BPM - Six identical couplers

Figure 9: Six identical couplers

This may be recognized as a weak point of the presented method, everything depends on skills and experience of the user. On the other hand, the subunits mostly appear naturally from the basic design. This fact reduces the possibility of error.

It is obvious, we can pick the six couplers off the layout to simulate (and/or optimize or slightly modify) just one (the four port coupler is shown in Figure 10), later applying six times the obtained result.

BPM - Four-port coupler

Figure 10: Four-port coupler

We have the number of remaining single waveguides to describe. We can do so in several possible ways and we may recognize another step of flexibility of the method.
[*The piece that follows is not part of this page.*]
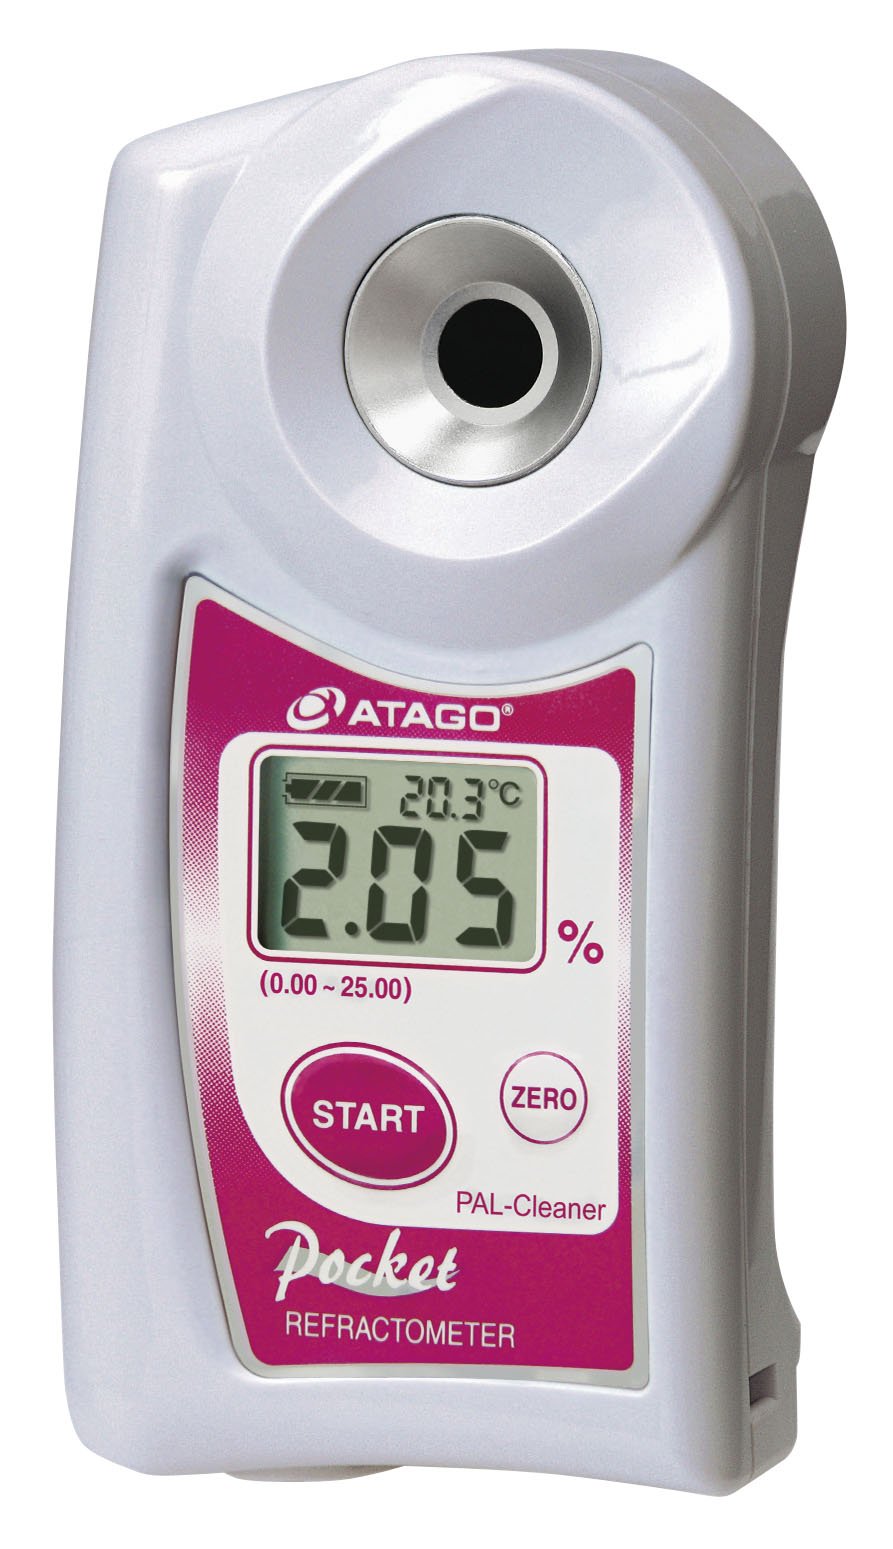 Atago 4536 Industrial Wash Solutions Refractometer, PAL-Cleaner, Cleaner : 0.00 to 25.00 Measurement Range

First the most accurate way is to simulate them by BPM similarly to the coupler – let us call it total analysis with respect to this approach. However, the detailed study is not needed for all waveguides. We would prefer to do so for the waveguides playing a role between the couplers, since we are primarily interested in the phase difference between the arms. The waveguides connecting the ports with the “core” of the device (i.e. the outermost waveguides) are simple isolated waveguides engaged in modal propagation in the fundamental mode. After some preliminary inspection we can even neglect the losses or we can prescribe them analytically. In other words, a user’s experience and intuitive estimation says how far any approximation may be used. This means we can approximately assume the power overlap integral to be the unity at the end of the waveguide and we have to find the phase delay according to Equation 4. The style of the S-data file is obvious. To generate these data analytically requests only the knowledge of the propagation length(s) and the modal indices. This can be even done by any spreadsheet codes. We will also supply a user with a short engine creating the files soon. The huge advantage here is we do not employ any numerical technique to describe all the waveguides where numeric yields no essential results. Short inspection apparently shows the power overlap integral differs by negligible amount after relatively long propagation in the straight waveguide. We thus need to consider the phase delay, as described above.

What about the efficiency of the method? We can see we have to run the BPM for only small fractions of the whole layout. This saves an immense portion of the simulation time and we are missing no essential information about the light traveling on the layout. To be more specific, let us show the final design of the mux/demux device in the OptiSystem environment.

BPM - Remaining primitive waveguides from layout

Figure 11: Remaining primitive waveguides from layout

BPM - Four-port couplerThe four-port coupler takes the form shown on the left. The icon possesses all the desired data with respect to the power transfer, the phase delay as the dependencies on the considered wavelength interval.
The schematic representation of the device according to the original schematics is shown in Figure 12. For an example, note the direct (analytical) connection from the coupler ‘b’ to the output A, because there is no special functionality of that upper waveguide. Introducing the light sources and the analyzers (power meters), we may run the simulation. Since we are dealing with small matrices, the simulation takes only negligible time.

BPM - Four-port coupler schematic in OptiSystem environment

Figure 12: Four-port coupler schematic in OptiSystem environment

Figure 13 details the flexibility of the OptiSystem tool. If there is no need for the exact analysis, we can skip some numerical simulations and simulate only those parts we are interested in. The simplest layout is shown in Figure 13.

BPM - OptiSystem simple layout

Figure 13: OptiSystem simple layout

We have numerically studied only the phase differences of each arm, and we exploited analytically prescribed 3dB coupler. We may exchange any S-data part of the simulation by an analytical model and vice versa. This possibility opens very huge field for the additional study of a device, its modification, pre-calculation, partial analysis (e.g. one can put the power meter in any suitable place inside the layout) and many others. You can see the agreement with the original paper [5] (we show only one channel signal for the sake of brevity). The files are available in the template library of Optiwave products.

BPM - Power vs. Frequency dependence (at port ‘C’)

Figure 14: Power vs. Frequency dependence (at port ‘C’)